Department of Rheumatology, Lapeyronie Hospital and University of Montpellier, Montpellier, France.
Department of Rheumatology, Lapeyronie Hospital and EA2415, University of Montpellier, Montpellier, France.
Osteoporos Int. 2018 Nov;29(11):2389-2397. doi: 10.1007/s00198-018-4586-6. Epub 2018 Jun 16.
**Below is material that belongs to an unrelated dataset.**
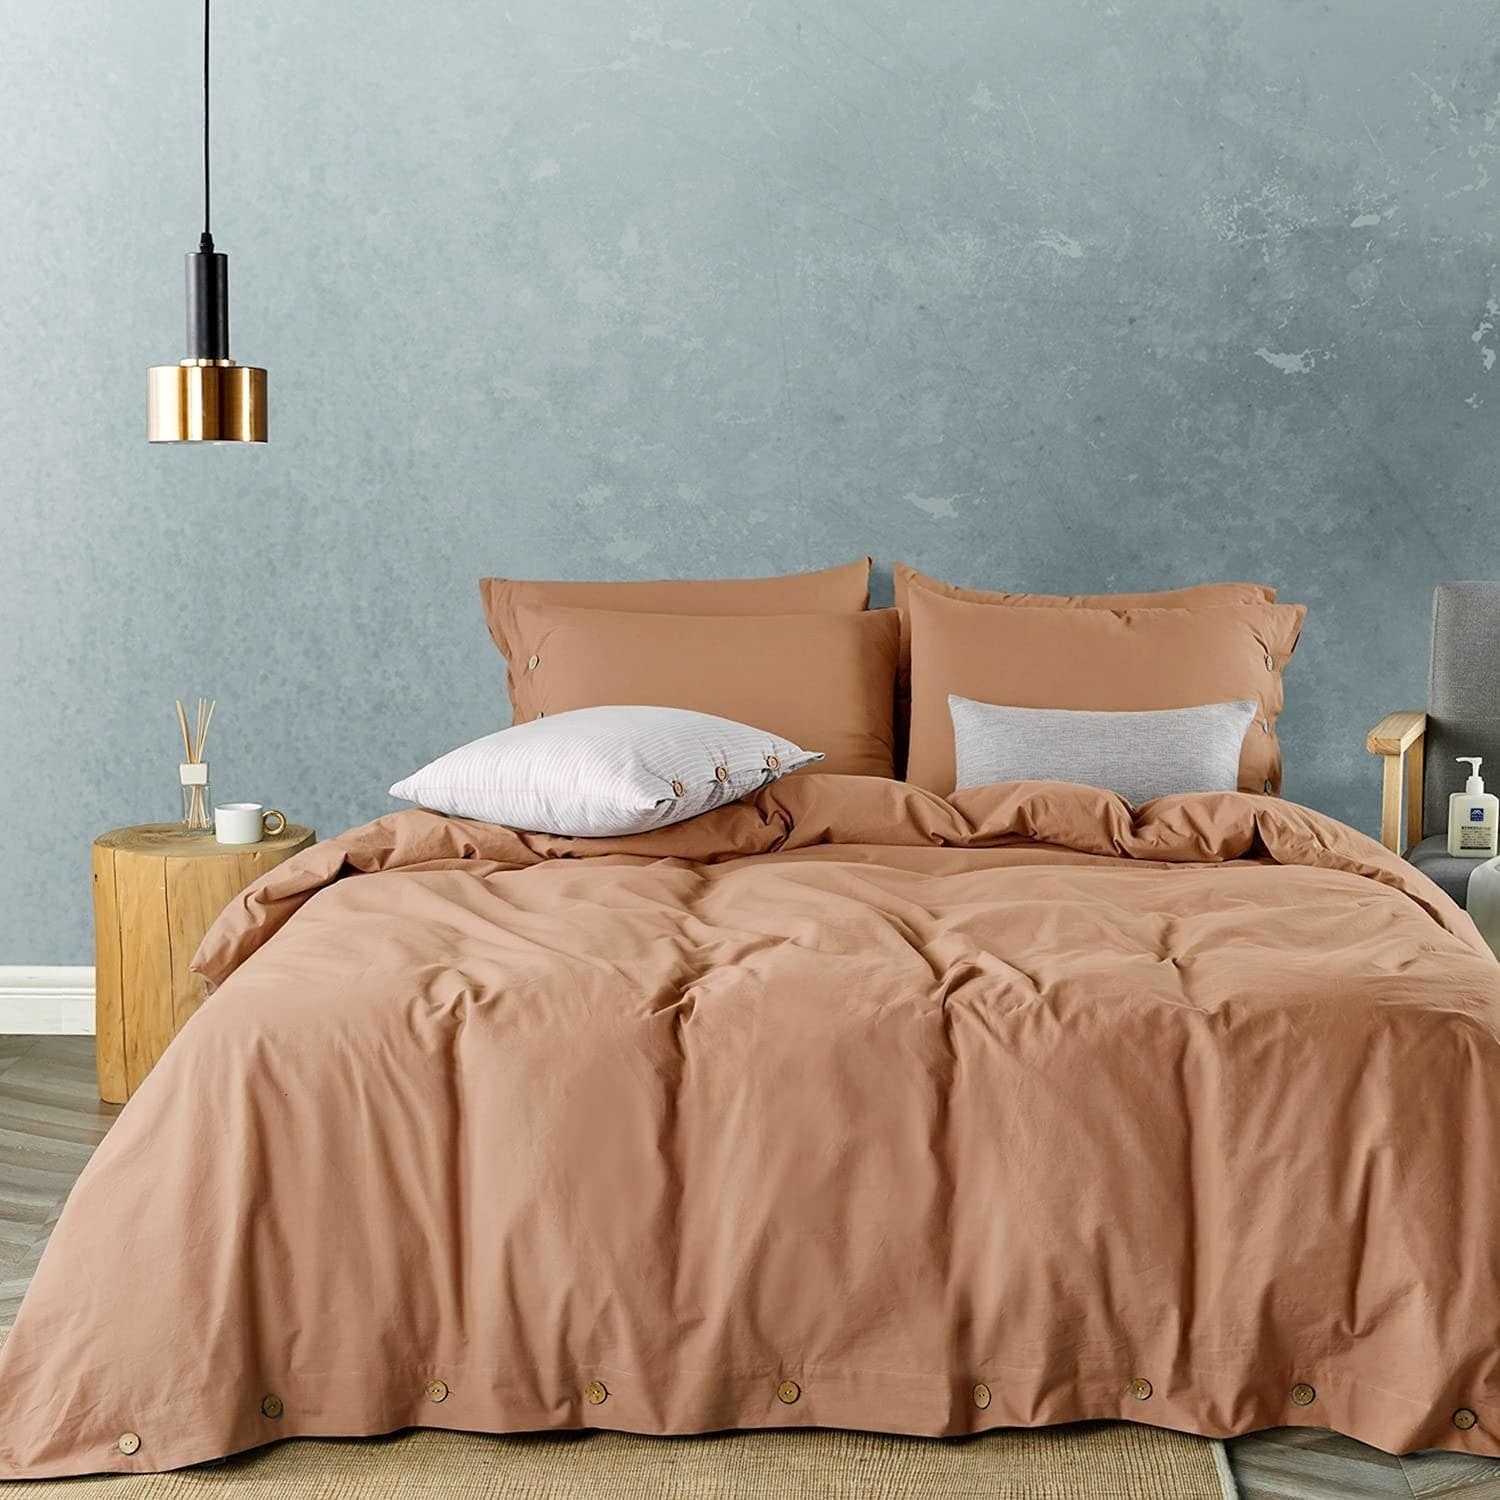 a bed with a comfy duvet on it and several pillows

Inflammatory bowel diseases (IBDs) are associated with a decreased bone mineral density, but the impact on fractures is unknown. In our study, global risk of fracture is increased for patients with IBDs versus controls. This result will help to determine the appropriate assessment with early screening and management of osteoporosis. Inflammatory bowel diseases (IBDs), such as Crohn's disease (CD) and ulcerative colitis (UC), are associated with a decreased bone mineral density (BMD). However, the impact on fracture risk is unknown and data are contradictory across studies. In this systematic review and meta-analysis, we aimed to assess the risk of fracture and presence of low BMD in patients with IBDs compared to healthy controls. A systematic search of literature was conducted of MEDLINE, EMBASE, the Cochrane library and abstracts from appropriate scientific congresses. Studies were selected if they compared the incidence of fractures and/or BMD measurement by dual-energy X-ray absorptiometry in patients with IBDs and healthy sex- and age-matched controls. Data were extracted by two independent investigators. Meta-analysis was performed with the inverse variance approach to estimate pooled odds ratios (ORs) and risk ratios (RRs) with their 95% confidence intervals (CIs). Twenty-four studies met the inclusion criteria. On the basis of nine studies, global risk of fracture was increased for patients with IBDs versus controls (RR = 1.38, 95% CI 1.11-1.73; p = 0.005). Fracture risk with IBDs was significantly increased for vertebral fractures (OR = 2.26, 95% CI 1.04-4.90; p < 0.001), but not for any other site. The analysis of 16 studies evaluating BMD showed a significant decrease in mean BMD and Z-scores for IBD patients versus controls at all sites. In our meta-analysis, patients with IBDs have an increased risk of fractures, especially in the spine, and significant decreased BMD at all sites, which suggests the need for identifying high-risk individuals among this population.
炎症性肠病(IBD)与骨密度降低有关,但骨折的影响尚不清楚。在我们的研究中,与对照组相比,IBD 患者的骨折总体风险增加。这一结果将有助于确定适当的评估方法,包括早期筛查和骨质疏松症的管理。炎症性肠病(IBD),如克罗恩病(CD)和溃疡性结肠炎(UC),与骨密度(BMD)降低有关。然而,骨折风险的影响尚不清楚,并且研究结果相互矛盾。在这项系统评价和荟萃分析中,我们旨在评估与健康对照组相比,IBD 患者骨折风险和低 BMD 的存在情况。我们对 MEDLINE、EMBASE、Cochrane 图书馆和相关科学大会摘要进行了系统文献检索。如果研究比较了 IBD 患者和性别、年龄匹配的健康对照组的骨折发生率和/或双能 X 线吸收法测量的 BMD,则选择这些研究。数据由两名独立研究人员提取。使用逆方差法进行荟萃分析,以估计汇总优势比(OR)和风险比(RR)及其 95%置信区间(CI)。有 24 项研究符合纳入标准。基于 9 项研究,与对照组相比,IBD 患者的总体骨折风险增加(RR=1.38,95%CI 1.11-1.73;p=0.005)。IBD 患者的骨折风险显著增加,尤其是椎体骨折(OR=2.26,95%CI 1.04-4.90;p<0.001),但其他部位无此风险。对 16 项评估 BMD 的研究进行的分析表明,与对照组相比,IBD 患者在所有部位的平均 BMD 和 Z 评分均显著降低。在我们的荟萃分析中,IBD 患者骨折风险增加,尤其是脊柱骨折,所有部位的 BMD 均显著降低,这表明需要在该人群中识别高危个体。